How Group Projects Are A Metaphor For Life

You learn a lot about the mold you – and others – fit into when you’re forced to do a group project. We’re either the fake leader, the real leader, the follower, the naysayer or the flake.

You can judge which category you fall into based on a few basic criteria: how well you can make decisions, how much you care about the project, and how much work you actually take on.

You’ll continue to encounter the archetypes on this list long after graduating college. Think of your group project as a chance to figure out each archetype and find a way to work with them for the sake of success – whether that’s in business or relationships. Here are the 5 characters you'll encounter in group projects and throughout the rest of your life:

The Flake

The Flake may have good intentions, but it’s hard to remember that when they’re 40 minutes late. Or when they don’t show up at all.

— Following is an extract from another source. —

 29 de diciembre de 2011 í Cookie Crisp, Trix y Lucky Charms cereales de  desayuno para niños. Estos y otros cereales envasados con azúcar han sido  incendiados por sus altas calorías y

There will be flakes at every stage of our lives. If someone is a flake during college, they’ll likely be a flake until the end of time. Not that time means anything to them.

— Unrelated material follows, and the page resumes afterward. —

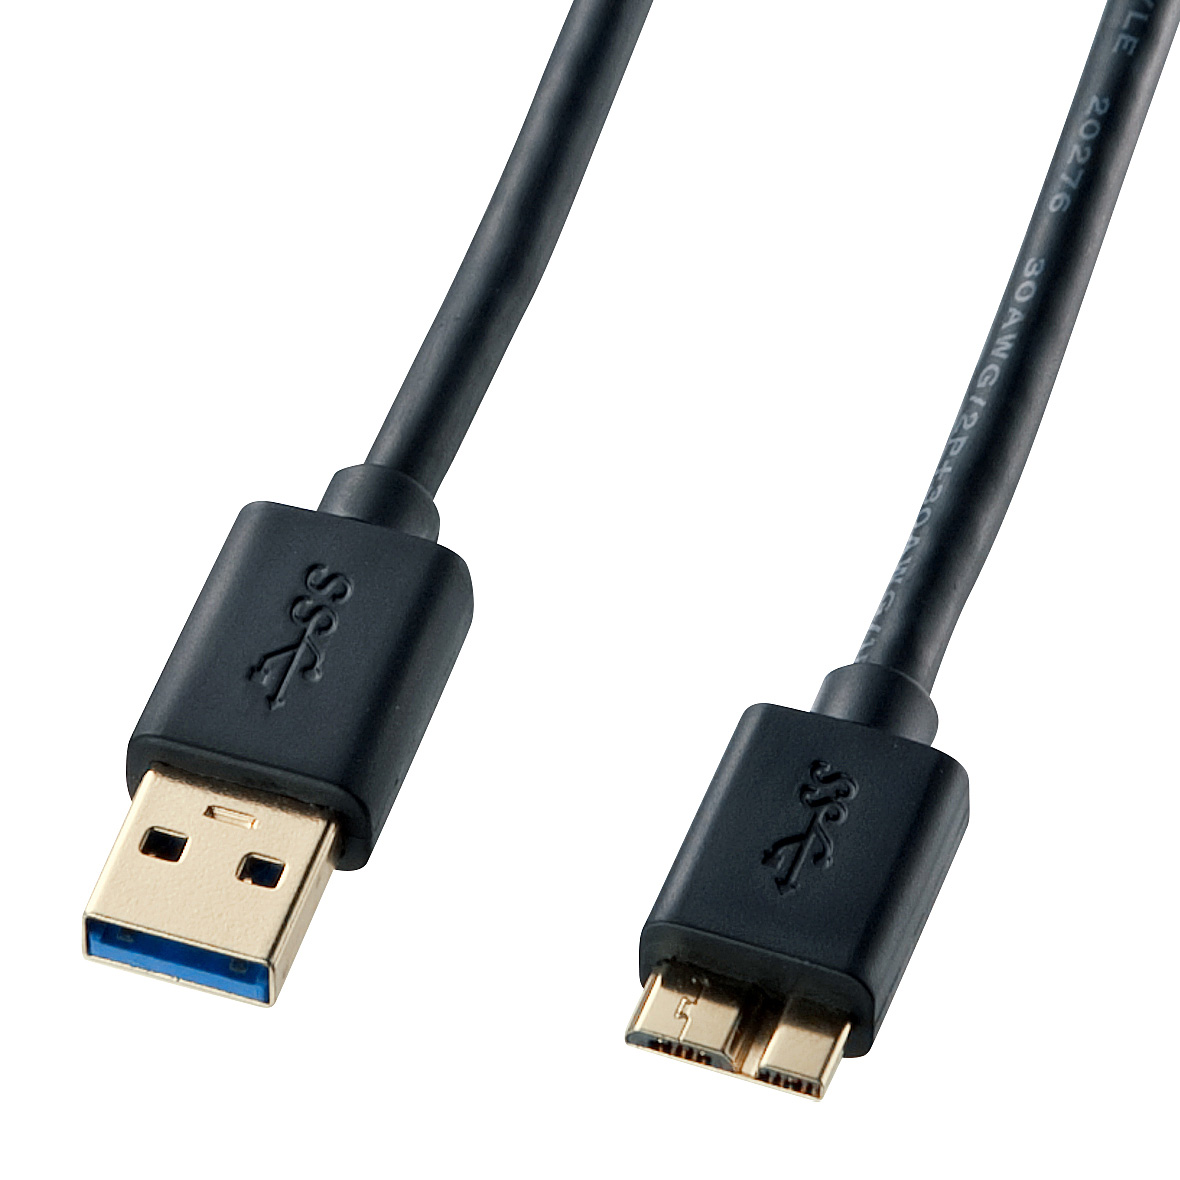 對應USB 3.0/3.1的Micro電纜線

They will miss deadlines in their future careers. If there is a Groupon deal for rock-climbing lessons, they’ll tell their friends they want to do it, then never buy the deal.

If you are the flake, you have to fight your natural impulses to become a productive group member.

Pro tip: If you’re working with the flake, you’ll need to administer constant reminders about what you need them to contribute.

The Fake Leader

The Fake Leader is the first one that volunteers to be the spokesperson of the group. They are not shy about wanting credit for being in charge – if being in charge really means delegating work to everyone else.

You’ll meet Fake Leaders, not just in college, but as you get into the workforce. You’ll recognize them by how they take command of a meeting, but pass the buck to everyone else when it comes time to making a decision.

It extends to their friendships outside of work, too. The Fake Leader will send the rock-climbing deal to their friends, but then step back and let everyone else figure out the logistics.

If you are the Fake Leader, you need to recognize that being the spokesperson is not the same as actually leading. Pitch in on the workload to be more than a figurehead.

Pro tip: If you are working with the Fake Leader, you need to learn to stand up for your own work and not let them take all of the credit.

The Naysayer

The Naysayer is the thorn in the side of every group project. They don’t volunteer any ideas of their own, yet they have strong opinions about everyone else’s ideas.

The Naysayer will take those qualities into every aspect of their lives. They won’t make decisions in the workplace, but they’ll lean heavily on their veto power.

And when a friend is a Naysayer, their squad is eternally annoyed when making plans. They don’t want to buy that rock-climbing Groupon, but it’s not like they have other suggestions either.

If you are the Naysayer, try taking a beat before you strike an idea down. Have an alternate solution ready, so your group members know you’re staying positive.

Pro tip: If you’re working with the Naysayer, patience is key. You need to make them feel like their opinion is heard, but keep moving forward with problem-solving.

The Real Leader

The Real Leader of the group doesn’t volunteer for the position – they assume the position when they realize the Fake Leader is so in name only. According to the Pareto Principle, they will be in the 20% of workers who are getting 80% of the work done – a scientific rule that proves that there will always be an unequal distribution of work.

But when it comes time to present a paper or speech in class, they don’t take the spotlight. They let the Fake Leader keep their place in the food chain and don’t speak up.

The Real Leader will later get into their career and find that they’re workaholics who have to fight their way up the ladder.

In their relationships, the Real Leaders are the people who are figuring out the logistics of the Groupon rock-climbing adventure. They coordinate between everyone’s schedules and make the reservations.

If you are the Real Leader, keep up the good work, but make sure you’re getting credit where it's due.

Pro tip: If you’re working with the Real Leader, support them by pitching in and spreading the workload evenly.

The Follower

The Follower of the group is the workhorse. They have no desire for the glory the Fake Leader seeks, and even less desire for the pressure the Real Leader is assuming.

They take direction well, and they are totally reliable. The Follower is the true rock of the group, always in the 20% of the Pareto Principle.

The Follower is content to be in middle management in their careers. They will put in the work, but they’ll never go above and beyond. They’d rather be sure to have a good work/life balance.

When it comes to friends, the Followers buy that Groupon deal and give their available dates promptly, but they will never initiate a group hang themselves. Rock climbing isn’t that important.

If you are the Follower, you, too, should keep up the good work. And don’t be afraid to speak up with your own solutions.

Pro tip: If you’re working with the Follower, make sure they understand their work is appreciated.